### ACTIVITY
All lines from the one containing "Black Hair Blue" through the final line of the listing below, and no others, must be returned exactly; no pictures belong in the copy.

### DATA BLOCK
* * * * *
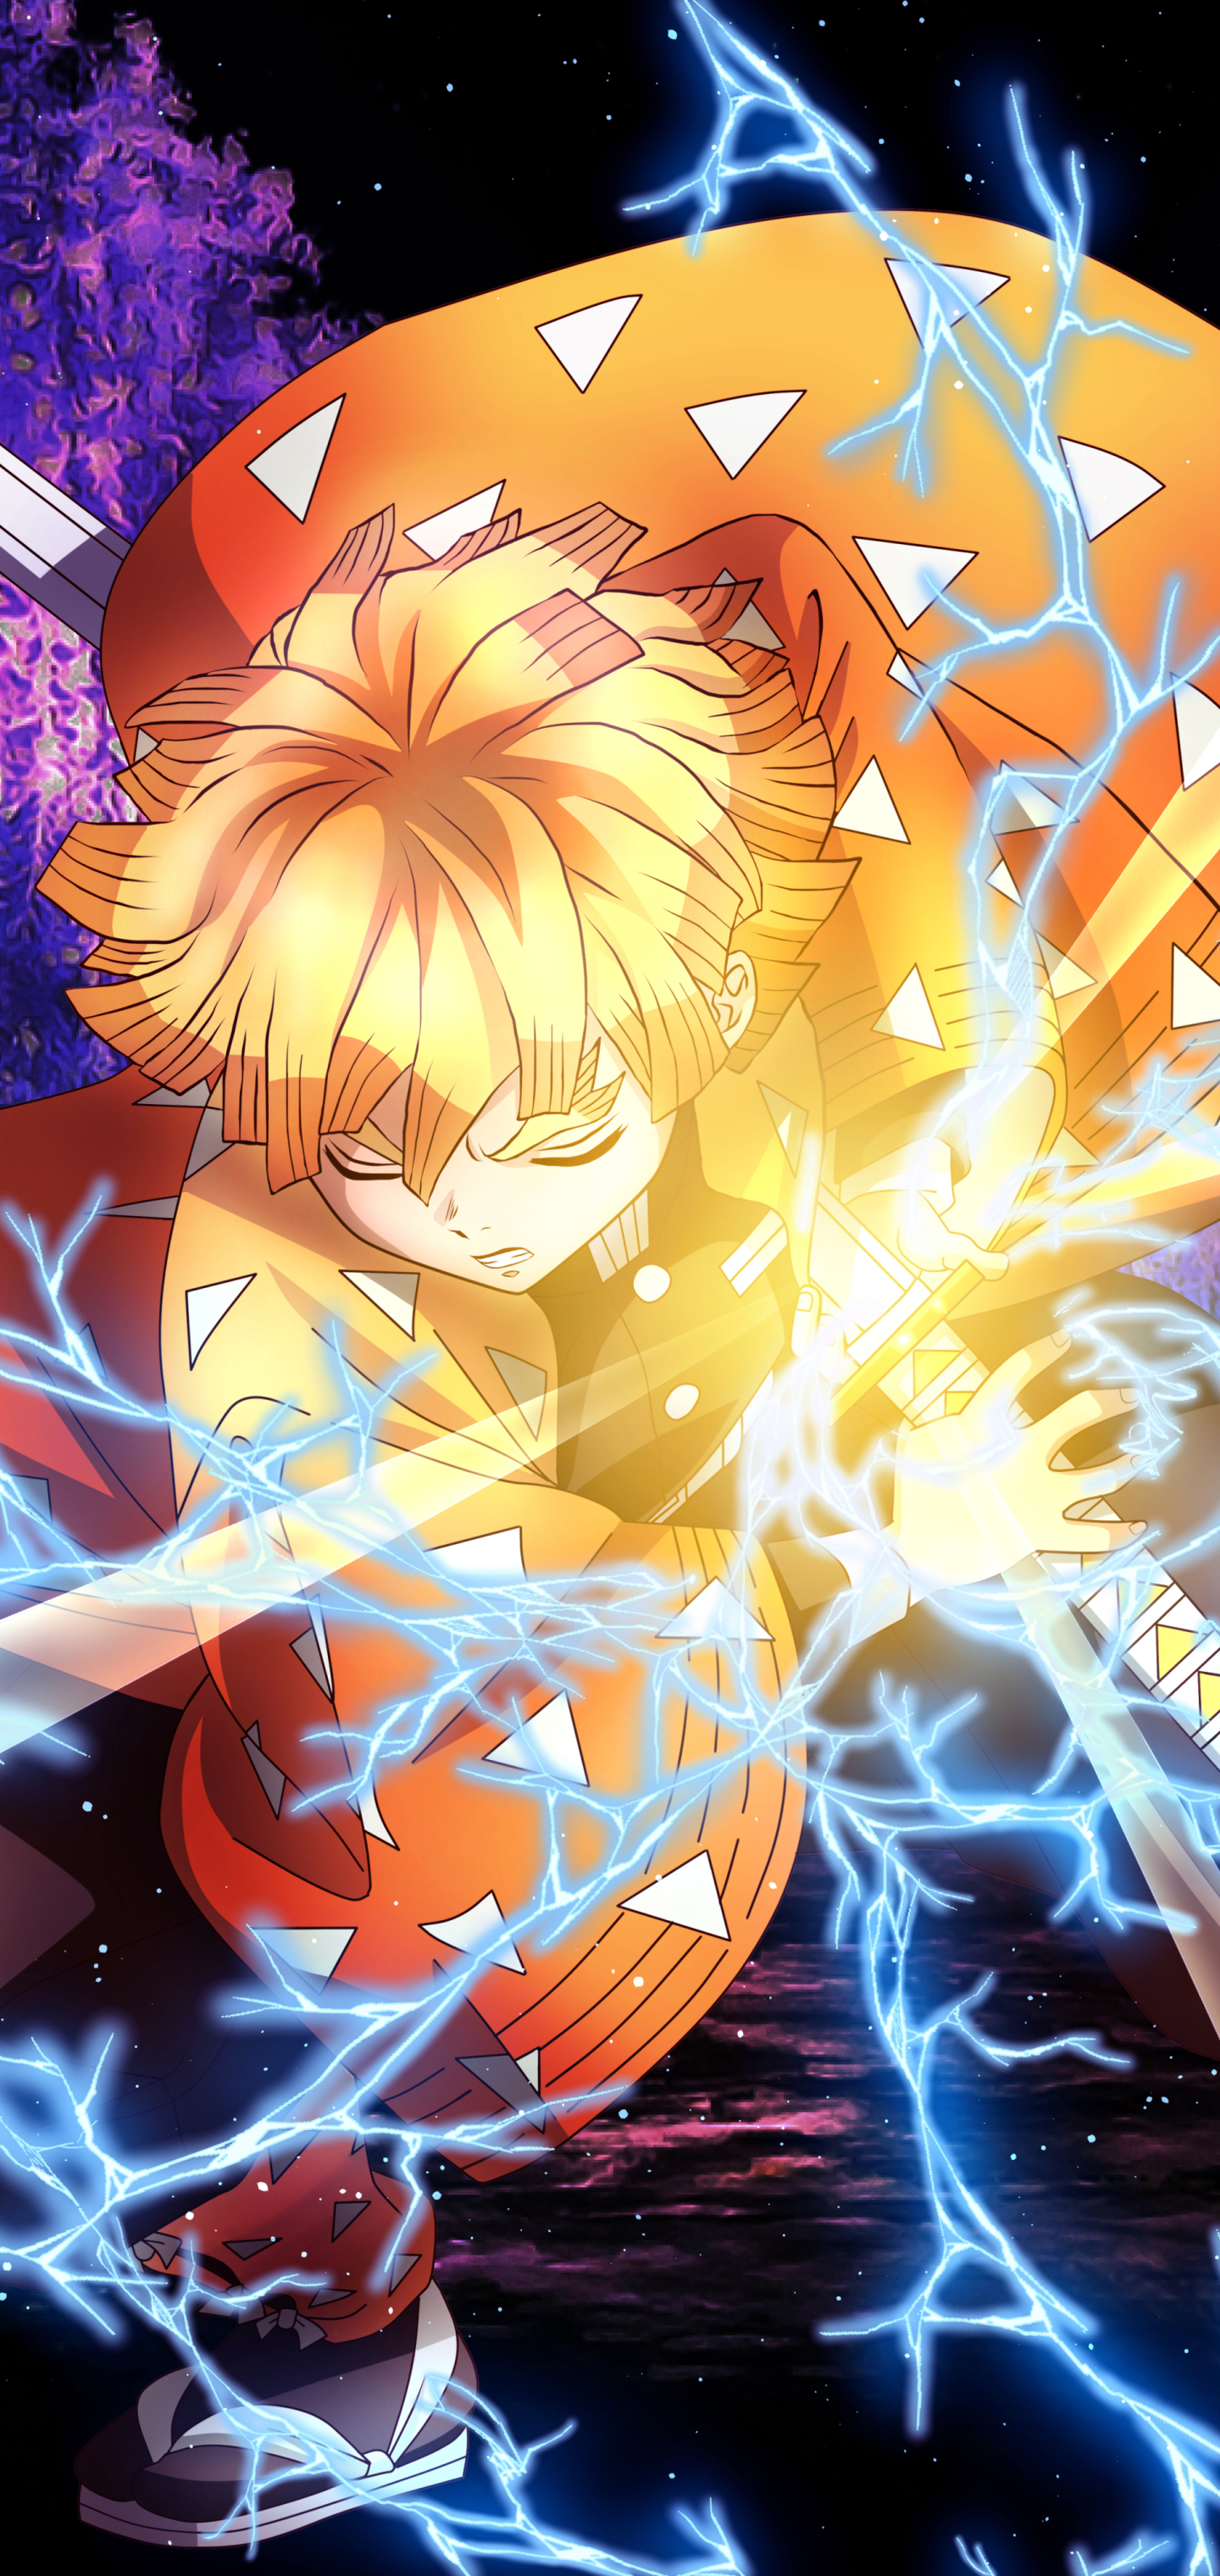 Download mobile wallpaper Anime, Demon Slayer: Kimetsu No Yaiba, Zenitsu Agatsuma for free.
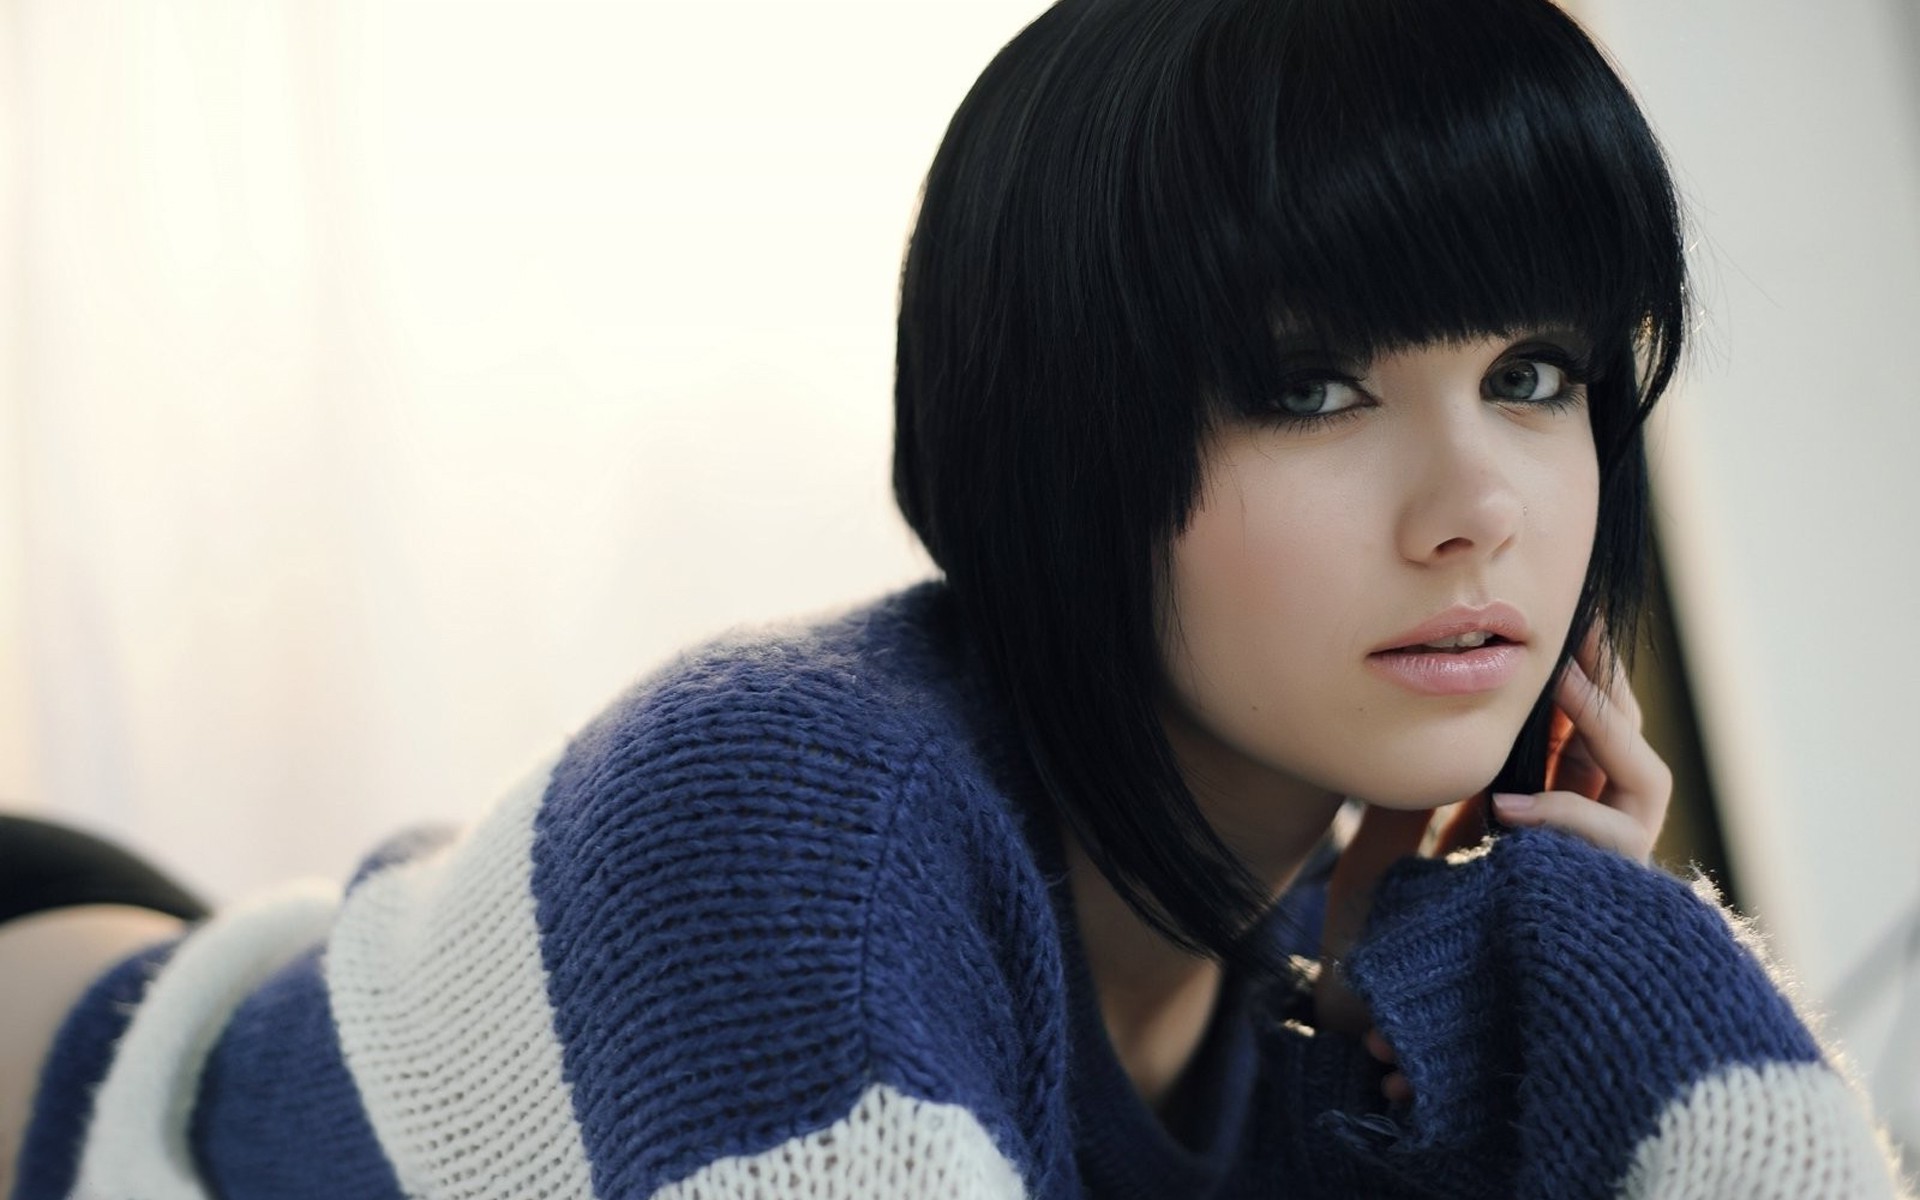 Black Hair Blue Eyes Sweater Melissa Clarke Model Women Wallpapers Hd Desktop And Mobile
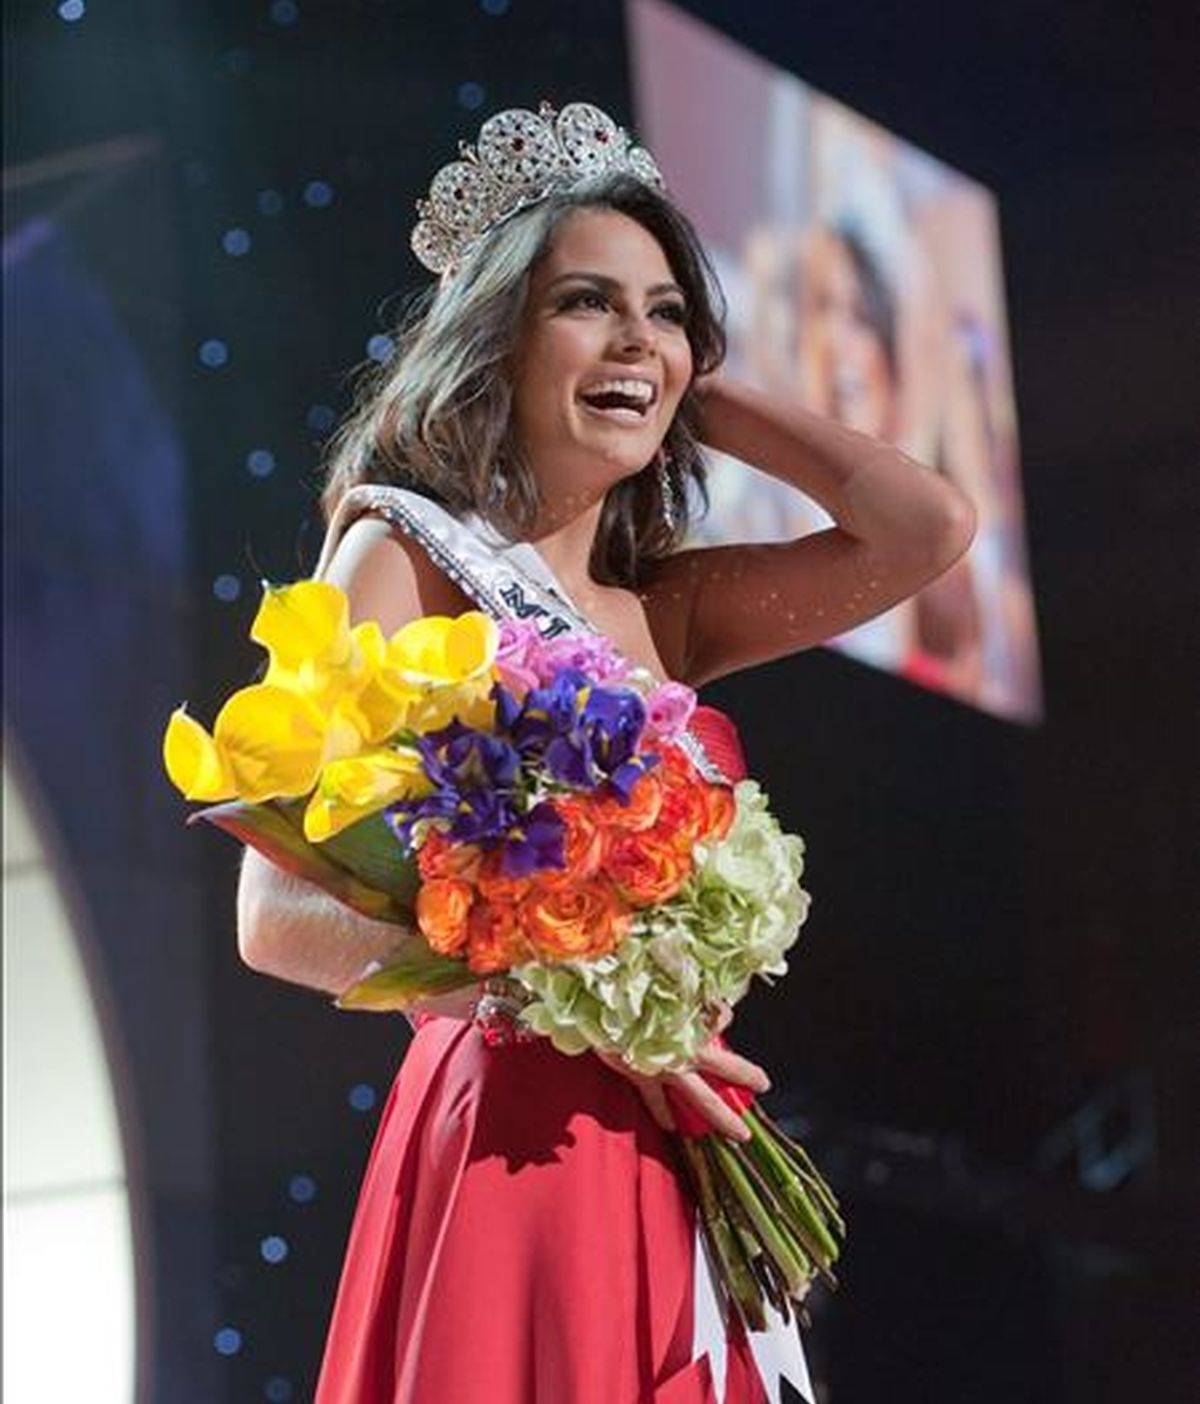 La candidata de México, Jimena Navarrete, es coronada Miss Universo 2010. Video: Informativos Telecinco
* * * * *
### RESULT FOR THIS TASK
 Black Hair Blue Eyes Sweater Melissa Clarke Model Women Wallpapers Hd Desktop And Mobile
 La candidata de México, Jimena Navarrete, es coronada Miss Universo 2010. Video: Informativos Telecinco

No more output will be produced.